## WHAT YOU HAVE TO DO
Please write out exactly the lines of the data below from the line holding "England Portraits - UEFA Euro 2020" through the line holding "Die Vietnam Rundreise", and leave out the rest.

## RECORDS TO PROCESS

....................

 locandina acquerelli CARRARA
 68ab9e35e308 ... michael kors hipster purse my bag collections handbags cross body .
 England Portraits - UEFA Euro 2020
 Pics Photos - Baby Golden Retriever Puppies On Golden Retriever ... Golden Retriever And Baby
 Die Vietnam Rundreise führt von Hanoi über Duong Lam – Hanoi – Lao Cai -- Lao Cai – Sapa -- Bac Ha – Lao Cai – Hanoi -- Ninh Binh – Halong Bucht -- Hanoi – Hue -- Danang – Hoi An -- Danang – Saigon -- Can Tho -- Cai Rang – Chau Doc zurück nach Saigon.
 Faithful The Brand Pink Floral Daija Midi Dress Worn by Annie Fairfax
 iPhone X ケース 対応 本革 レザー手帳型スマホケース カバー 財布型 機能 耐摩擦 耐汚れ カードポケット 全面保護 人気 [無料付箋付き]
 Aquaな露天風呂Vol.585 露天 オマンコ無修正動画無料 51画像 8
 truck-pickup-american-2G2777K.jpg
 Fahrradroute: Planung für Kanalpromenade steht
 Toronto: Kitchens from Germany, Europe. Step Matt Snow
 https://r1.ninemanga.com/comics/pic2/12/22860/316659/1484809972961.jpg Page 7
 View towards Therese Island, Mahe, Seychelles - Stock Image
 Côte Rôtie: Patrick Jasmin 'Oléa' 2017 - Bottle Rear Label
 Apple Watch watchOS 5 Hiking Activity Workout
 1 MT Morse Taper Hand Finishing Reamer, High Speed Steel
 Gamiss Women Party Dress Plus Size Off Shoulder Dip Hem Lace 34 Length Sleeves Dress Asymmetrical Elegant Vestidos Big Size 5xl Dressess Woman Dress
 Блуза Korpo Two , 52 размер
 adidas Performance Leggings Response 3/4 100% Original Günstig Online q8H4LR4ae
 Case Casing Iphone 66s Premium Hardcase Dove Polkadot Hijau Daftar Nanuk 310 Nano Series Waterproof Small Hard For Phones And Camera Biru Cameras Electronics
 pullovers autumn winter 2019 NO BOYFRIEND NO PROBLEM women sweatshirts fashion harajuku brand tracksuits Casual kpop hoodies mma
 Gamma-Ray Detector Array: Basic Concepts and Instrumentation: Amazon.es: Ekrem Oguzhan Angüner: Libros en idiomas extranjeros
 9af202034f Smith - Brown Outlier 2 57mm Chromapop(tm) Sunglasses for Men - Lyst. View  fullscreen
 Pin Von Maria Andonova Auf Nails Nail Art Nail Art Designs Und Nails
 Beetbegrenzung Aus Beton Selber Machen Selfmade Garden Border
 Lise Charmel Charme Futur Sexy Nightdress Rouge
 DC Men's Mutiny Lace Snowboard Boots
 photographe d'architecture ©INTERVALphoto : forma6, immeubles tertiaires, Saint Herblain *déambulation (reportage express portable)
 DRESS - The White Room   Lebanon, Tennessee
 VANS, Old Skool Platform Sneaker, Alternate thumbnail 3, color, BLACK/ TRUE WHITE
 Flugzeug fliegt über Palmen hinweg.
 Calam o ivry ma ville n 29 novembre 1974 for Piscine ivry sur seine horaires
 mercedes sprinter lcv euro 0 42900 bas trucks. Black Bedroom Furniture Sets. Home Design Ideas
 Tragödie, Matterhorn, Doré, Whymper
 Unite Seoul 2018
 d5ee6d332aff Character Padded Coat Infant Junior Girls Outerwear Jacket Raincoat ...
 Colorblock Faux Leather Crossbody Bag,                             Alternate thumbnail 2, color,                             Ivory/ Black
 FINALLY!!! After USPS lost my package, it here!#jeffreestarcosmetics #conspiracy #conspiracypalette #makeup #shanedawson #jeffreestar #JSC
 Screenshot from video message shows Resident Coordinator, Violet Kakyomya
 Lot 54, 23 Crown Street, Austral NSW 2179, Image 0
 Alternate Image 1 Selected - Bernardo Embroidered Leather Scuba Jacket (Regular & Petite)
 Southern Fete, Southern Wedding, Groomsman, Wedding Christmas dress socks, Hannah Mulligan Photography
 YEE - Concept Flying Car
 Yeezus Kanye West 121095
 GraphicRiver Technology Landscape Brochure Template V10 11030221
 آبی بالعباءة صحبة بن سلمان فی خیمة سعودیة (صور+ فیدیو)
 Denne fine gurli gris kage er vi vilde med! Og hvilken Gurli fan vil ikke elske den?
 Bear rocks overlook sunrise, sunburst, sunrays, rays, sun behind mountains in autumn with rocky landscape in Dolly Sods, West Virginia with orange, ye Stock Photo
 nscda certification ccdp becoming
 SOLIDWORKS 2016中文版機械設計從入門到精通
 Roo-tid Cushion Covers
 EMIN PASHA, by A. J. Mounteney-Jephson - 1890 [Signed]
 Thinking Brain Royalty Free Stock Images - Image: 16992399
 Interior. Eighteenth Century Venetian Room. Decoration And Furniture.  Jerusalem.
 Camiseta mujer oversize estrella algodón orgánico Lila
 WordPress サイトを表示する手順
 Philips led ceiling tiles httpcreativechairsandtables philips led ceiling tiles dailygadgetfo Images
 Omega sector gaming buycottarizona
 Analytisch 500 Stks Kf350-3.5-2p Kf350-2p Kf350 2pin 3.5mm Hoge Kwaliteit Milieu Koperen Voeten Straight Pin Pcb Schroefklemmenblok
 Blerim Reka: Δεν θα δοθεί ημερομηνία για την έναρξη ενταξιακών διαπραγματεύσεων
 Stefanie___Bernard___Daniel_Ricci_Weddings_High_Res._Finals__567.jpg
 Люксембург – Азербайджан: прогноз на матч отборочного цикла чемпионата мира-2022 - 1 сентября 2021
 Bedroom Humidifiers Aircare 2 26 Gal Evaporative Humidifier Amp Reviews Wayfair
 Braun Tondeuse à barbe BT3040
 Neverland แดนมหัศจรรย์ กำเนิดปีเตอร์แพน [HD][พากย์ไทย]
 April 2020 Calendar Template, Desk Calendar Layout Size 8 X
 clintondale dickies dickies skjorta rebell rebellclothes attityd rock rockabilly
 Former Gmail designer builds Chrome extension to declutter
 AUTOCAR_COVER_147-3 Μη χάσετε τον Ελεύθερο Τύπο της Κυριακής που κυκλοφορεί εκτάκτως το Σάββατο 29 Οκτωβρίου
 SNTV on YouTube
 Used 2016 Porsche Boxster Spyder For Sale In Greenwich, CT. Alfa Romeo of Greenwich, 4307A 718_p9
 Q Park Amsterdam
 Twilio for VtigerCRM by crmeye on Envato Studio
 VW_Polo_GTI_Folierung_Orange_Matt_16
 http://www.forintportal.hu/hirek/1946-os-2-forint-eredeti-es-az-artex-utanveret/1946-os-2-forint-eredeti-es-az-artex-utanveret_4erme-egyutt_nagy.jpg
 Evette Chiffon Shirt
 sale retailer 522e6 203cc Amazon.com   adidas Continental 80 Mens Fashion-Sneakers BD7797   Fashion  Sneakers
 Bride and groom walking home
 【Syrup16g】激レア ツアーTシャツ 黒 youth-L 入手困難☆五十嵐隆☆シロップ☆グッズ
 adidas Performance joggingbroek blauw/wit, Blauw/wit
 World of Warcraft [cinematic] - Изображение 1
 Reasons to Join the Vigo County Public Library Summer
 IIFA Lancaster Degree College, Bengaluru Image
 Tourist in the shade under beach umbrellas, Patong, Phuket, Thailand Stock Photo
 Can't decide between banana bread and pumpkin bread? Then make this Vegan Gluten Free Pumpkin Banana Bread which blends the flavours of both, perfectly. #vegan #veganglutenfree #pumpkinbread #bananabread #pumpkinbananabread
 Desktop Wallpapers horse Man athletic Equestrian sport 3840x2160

....................

## ANSWER SPACE
 England Portraits - UEFA Euro 2020
 Pics Photos - Baby Golden Retriever Puppies On Golden Retriever ... Golden Retriever And Baby
 Die Vietnam Rundreise führt von Hanoi über Duong Lam – Hanoi – Lao Cai -- Lao Cai – Sapa -- Bac Ha – Lao Cai – Hanoi -- Ninh Binh – Halong Bucht -- Hanoi – Hue -- Danang – Hoi An -- Danang – Saigon -- Can Tho -- Cai Rang – Chau Doc zurück nach Saigon.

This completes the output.